Roth continued, “It is patently false to claim that New York’s courts will always safeguard the rights of pregnant people, even after the U.S. Supreme Court gutted the federal right to abortion by overturning Roe. For decades, pregnant people across America—including in New York State—have been subjected to criminalization, deprivations of liberty, and forced medical interventions that only occurred because of their status as pregnant or postpartum. Since 1973, Pregnancy Justice has documented over 1,700 instances across the country in which people were arrested, prosecuted, convicted, detained, or forced to undergo medical interventions because of their pregnancy status or outcomes. 27 of those cases occurred within New York State. Justice LaSalle is the wrong choice to lead the Court of Appeals in the post-Roe era.”
LaSalle’s nomination has also been opposed by 14 New York Senators, 6 of whom stood alongside union leaders at the Albany rally, as well as a handful of other New York state politicians.

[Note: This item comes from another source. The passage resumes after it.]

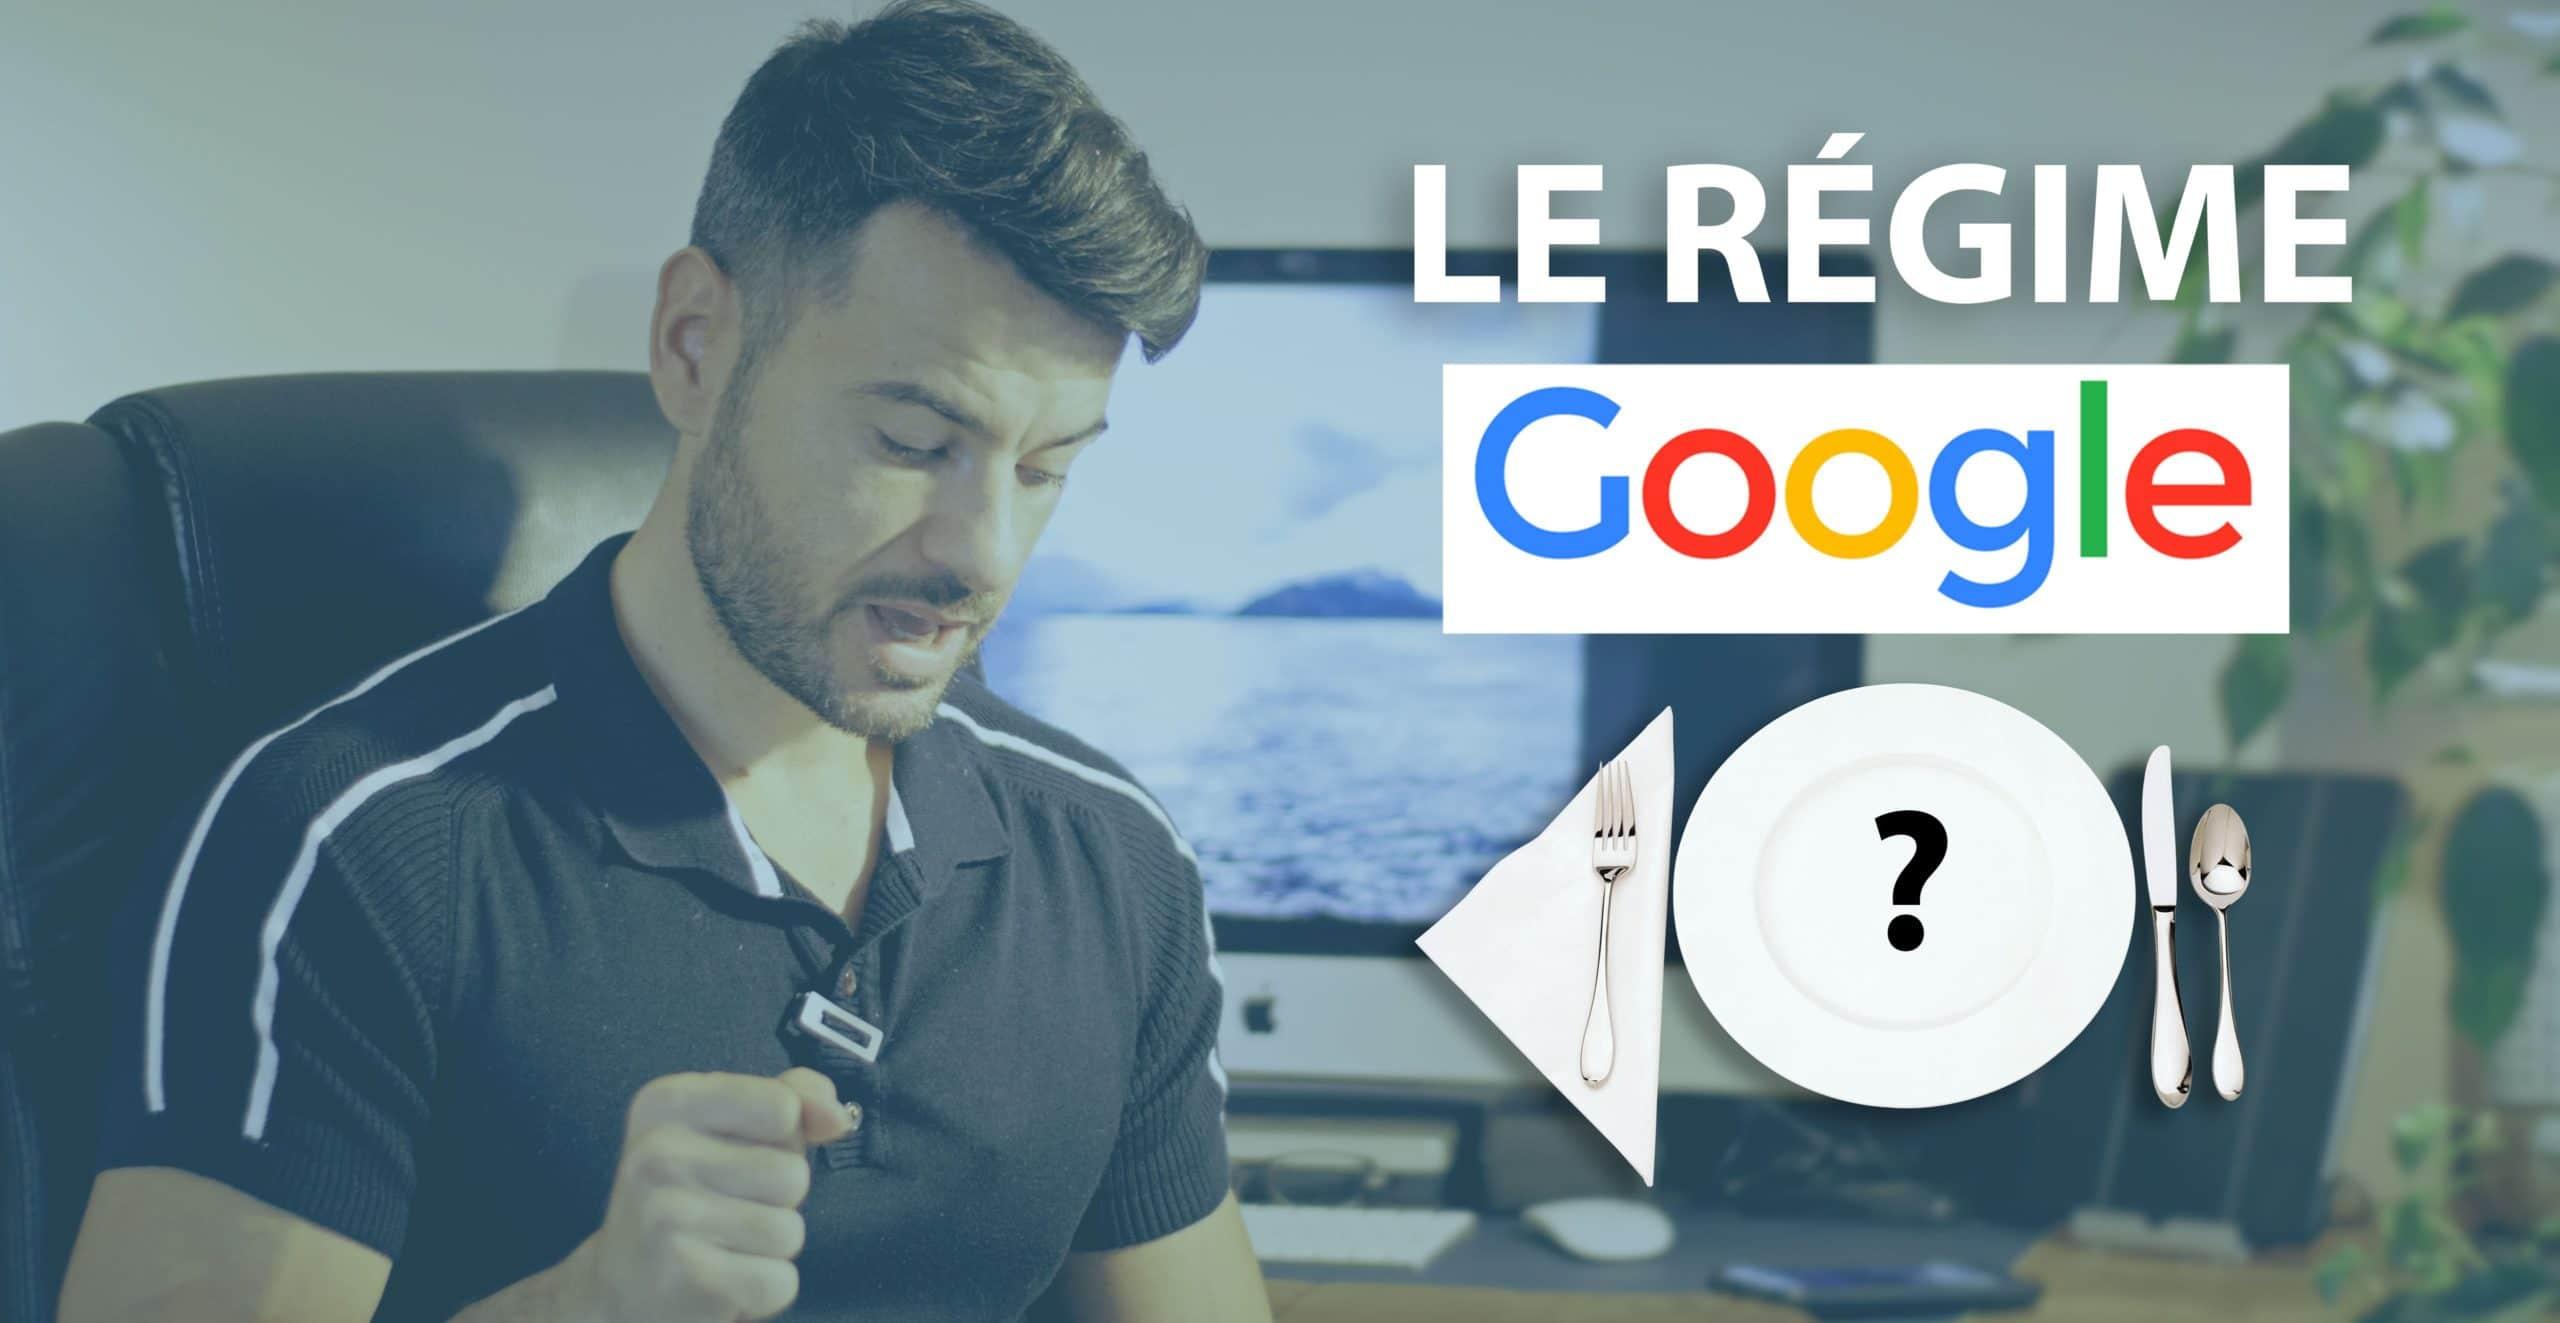 Le régime Google
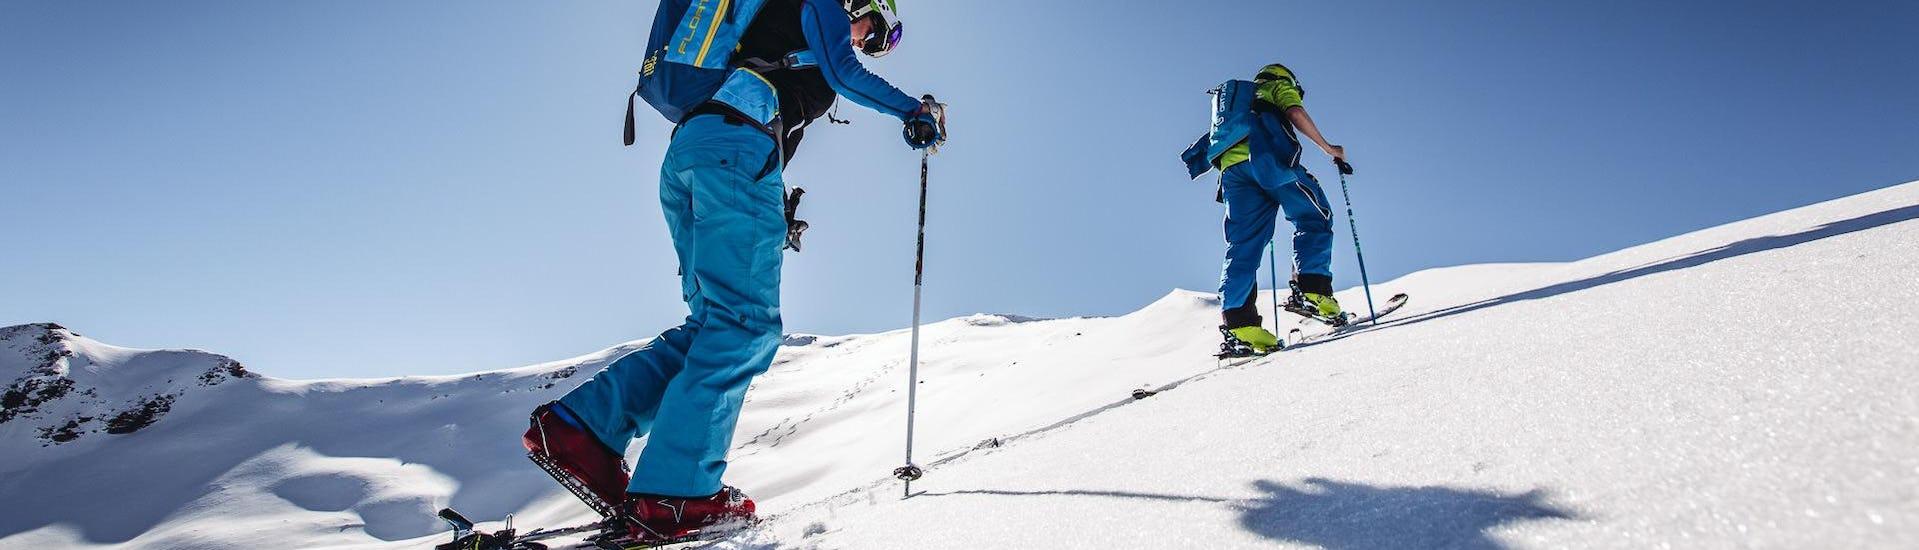 Ski Touring Private

Senator Julia Salazar said, “If this nomination is brought to the floor for a vote, I will vote no. I urge my colleagues to join me in rejecting this nomination. We know that if Justice LaSalle were confirmed to this position, it would solidify a conservative majority with serious material impact on women, workers, and all New Yorkers.”
Senator Samra Brouk said, “We’ve seen the damage that a radical, conservative court can do at the national level. We need judges in New York who are steadfast in their commitment to supporting working people and protecting our rights to bodily autonomy; Judge LaSalle’s record does not align with these needs. This nomination is a historic opportunity to lead with our values, and we must vote accordingly.”
Despite the opposition, LaSalle’s nomination has also garnered a lot of support, particularly from Attorney General Letitia James, Lt. Governor Antonio Delgado, Speaker Carl Heastie, Rev. Al Sharpton, and several other politicians, as well as the Long Island Hispanic Bar Association and Latino Lawyers Association of Queens County.
When asked for a comment, the Governor’s office referred amNewYork Metro to the Governor’s comments from her recent press conference where she expressed her intentions to follow through on the nomination.
“I selected the very best person. Hector LaSalle has an exceptional record. He’ll be the person that’ll bring a fractured court together. He’ll be fair. He’ll be just. And a review of his 5,000 cases will reveal that. So that’s why the process will be to go to the committee, even if it’s stacked. He’ll have a hearing. We’ll go to the floor of the Senate because that’s what this constitution provides for,” said Hochul.
Updated at 4:50 p.m. on Jan. 9, 2023.